Во дворе шла стройка, автомашины натащили на своих колесах скользкую грязь на асфальт, и Рябинин крепче прижимал к себе сверток.
Открыла ему соседка по квартире: она услышала, как он вытирал ноги перед дверью. Поздравила с днем рождения.
Екатерина Ивановна встретила его в дверях их комнаты, захлопотавшаяся, счастливая.
— Раздевайся скорей!
— Здравствуй, черепашка!
— Устал?
— Ничуть. Все превосходно.
— Приляжешь?
— И не подумаю. Помогу тебе.
— Все уже готово.
— Совсем забегалась.
— Мне хотелось освободиться до твоего прихода.

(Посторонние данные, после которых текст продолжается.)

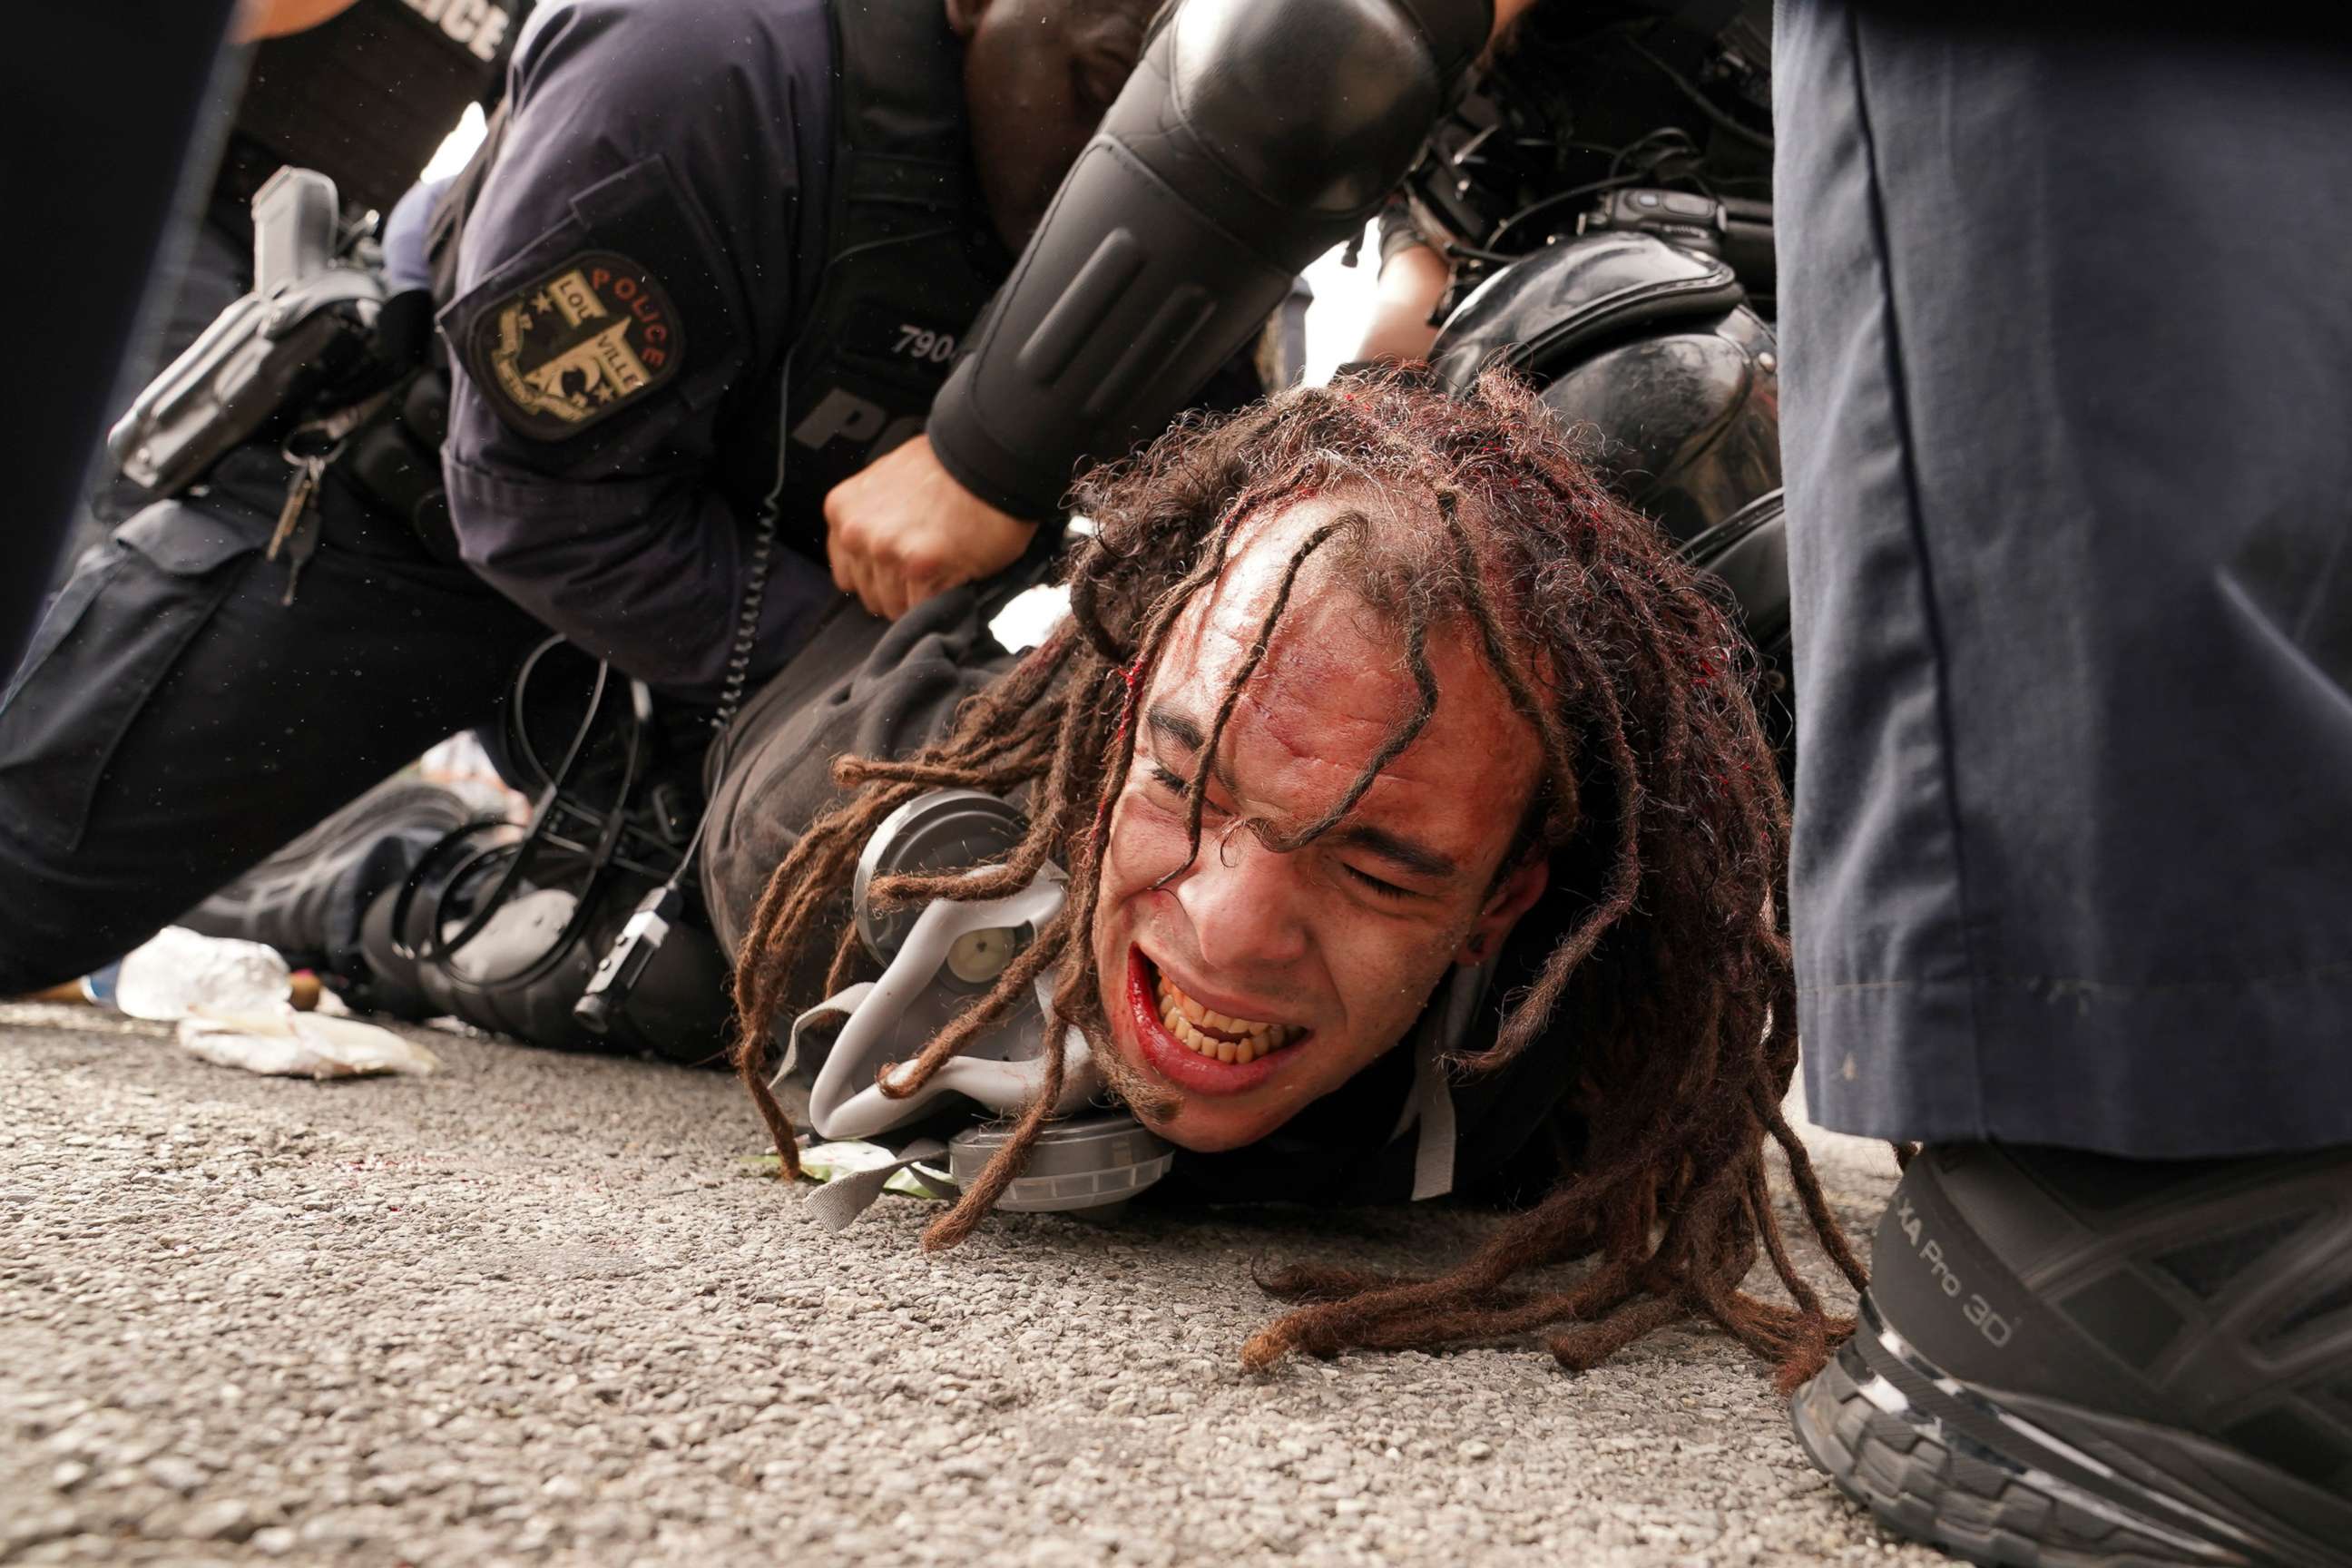 PHOTO: Louisville police detain a man after a group marched, Sept. 23, 2020, in Louisville, Ky. A grand jury indicted one officer on criminal charges six months after Breonna Taylor was fatally shot by police in Kentucky.

Екатерине Ивановне нетрудно было выкроить время на все эти хлопоты: еще продолжались каникулы, учителя занимались лишь с теми, у кого была переэкзаменовка на осень.
У Екатерины Ивановны раскраснелось лицо; щеки горели, словно она весь день провела у огня. Брови казались темнее обычного — почти черные; ярче очертился маленький рот. И вся она, невысокая, полненькая, в ситцевом халате с короткими рукавами, выглядела необыкновенно молодо.
— Сколько вам лет, Екатерина Ивановна?
— Тридцать девять, Алексей Александрович.
— Я не дал бы и двадцати пяти.
— Ого!.. Леон посрамлен.
Так уж было принято в семьях работников редакции: поддерживать за Атояном славу отчаянного сердцееда и льстеца (чему сам Атоян нельзя сказать чтобы противился). Никаких подвигов по части сердцеедства за ним никто не помнил, но кавалером он был действительно отменным и на редакционных вечеринках господствовал.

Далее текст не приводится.